I optimized my role as far as optimization goes. Separated management and planning from physical execution. Many dentists think the role is indivisible. I proved it’s not.
Then I looked up and realized: the field itself became structurally unsustainable.
More dentists than patients need (more supply than demand). Material costs skyrocketing while treatment prices drop. Show-off culture replacing health focus. Performative perfectionism where every case needs Instagram-ready results, not just clinical soundness. The economics don’t work anymore.
The Timing Tragedy
When I was young enough to grind through execution work I hated, the field’s economics were solid. Reasonable competition. Clinical excellence mattered more than social media presence.

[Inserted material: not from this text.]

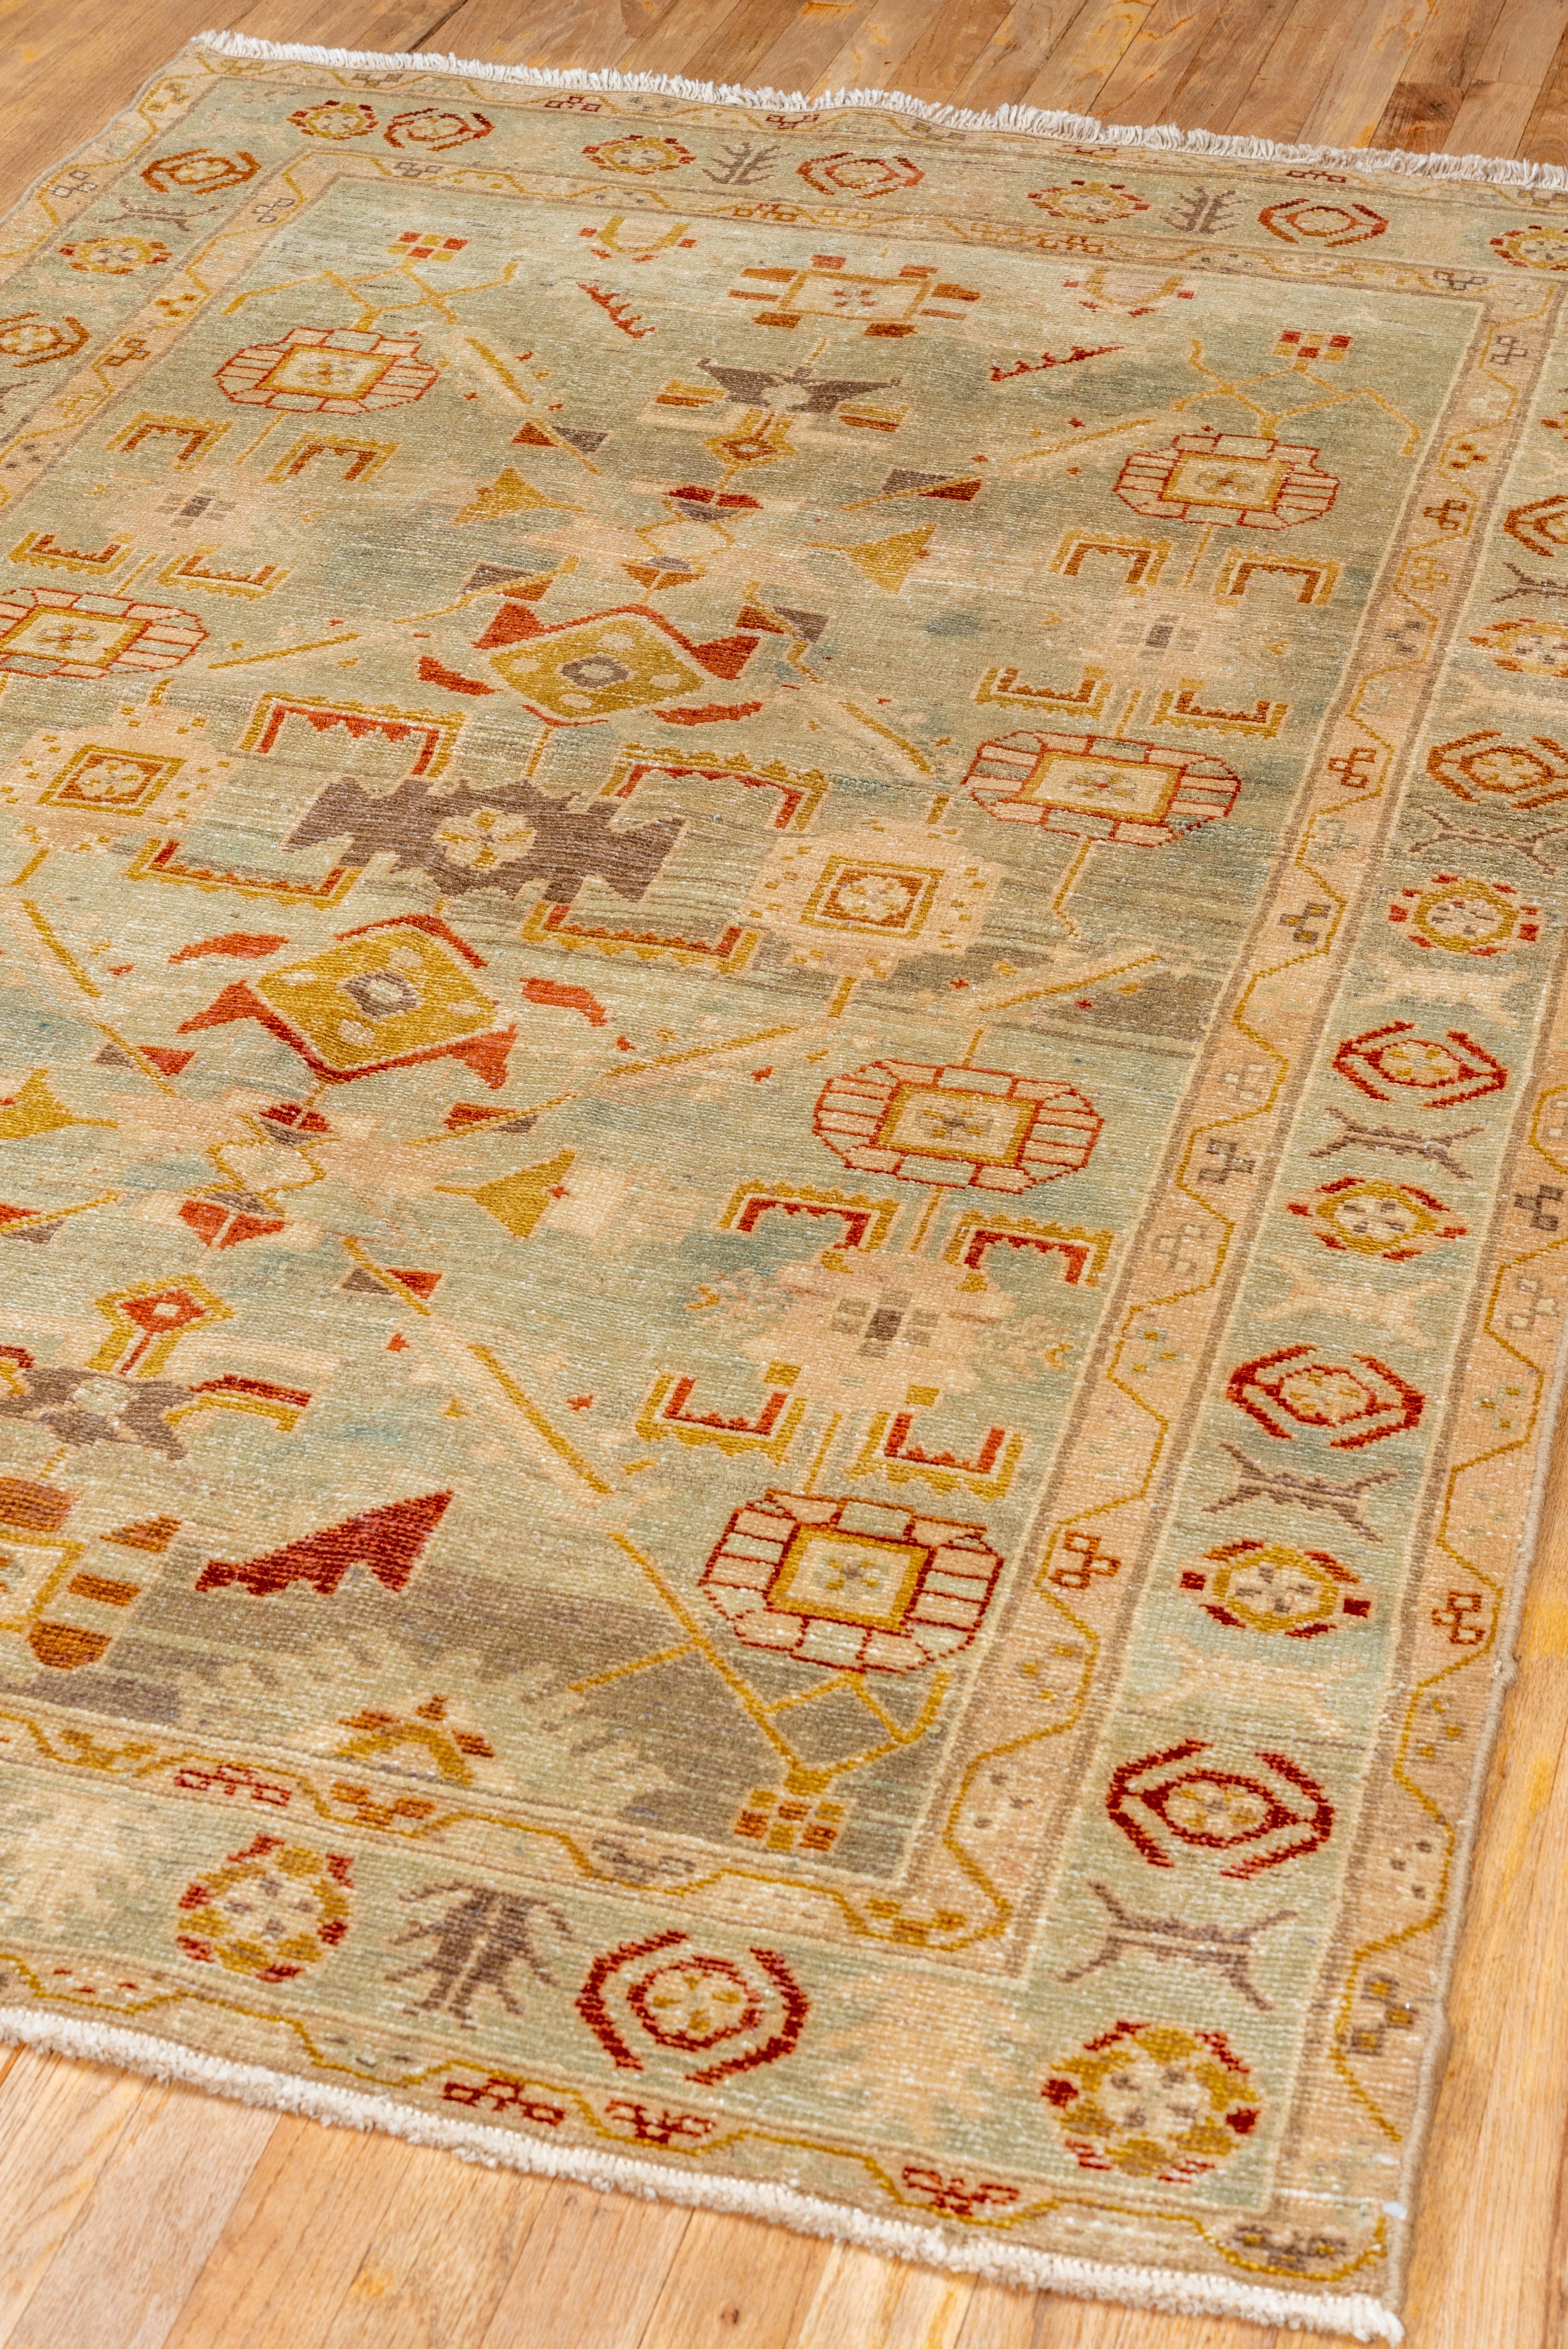 Stunning Antique Persian Malayer Rug, Seafoam Field & Borders, Mustard Accents In Good Condition For Sale In New York, NY

Now that I’ve matured into the consultant role where I’d actually function well, the industry collapsed under oversupply. Nevermind Instagram dentistry.
I solved the personal fit problem 20 years too late.
The Real Problem
You can become technically excellent, but brilliance requires passion. And when the field is broken, competence without love won’t sustain you.

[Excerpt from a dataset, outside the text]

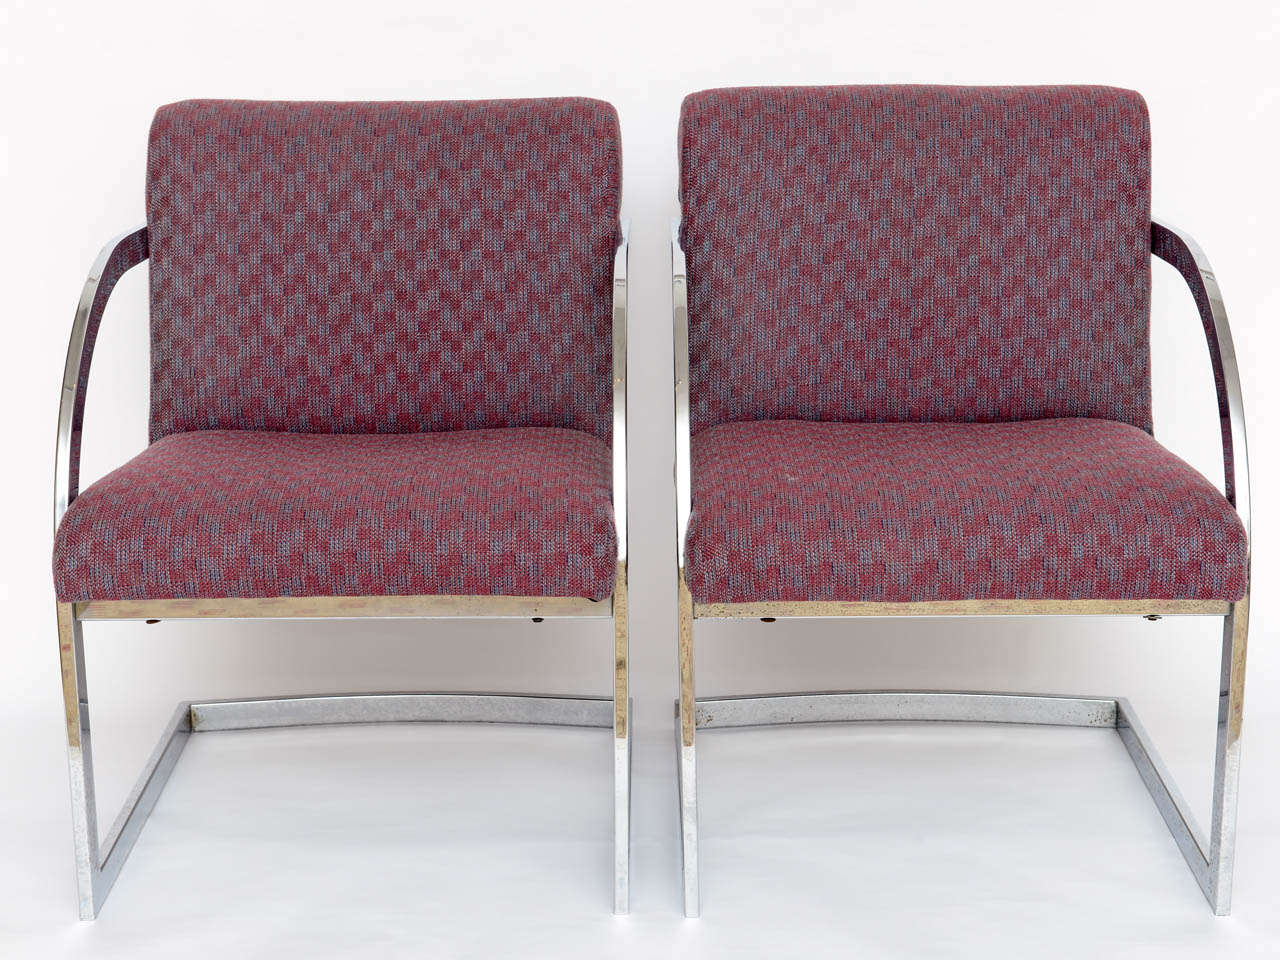 Beautiful pair of chrome and fabric Milo Baughman chairs from the late 60s

I’m still a dentist because I’m already here and the optimized version generates enough value. But would I recommend this path to someone starting fresh? No.

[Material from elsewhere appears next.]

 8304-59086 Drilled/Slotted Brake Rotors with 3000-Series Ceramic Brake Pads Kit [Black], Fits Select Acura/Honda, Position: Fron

Not because dentistry is inherently bad. But because the field faces immense structural challenges, from workforce distribution imbalances to over-concentration in urban areas while rural regions struggle.
It takes a really passionate fighter willing to cut through the chaos to make it work. If you’re not that person, if you’re looking for a stable professional path, dentistry isn’t it anymore.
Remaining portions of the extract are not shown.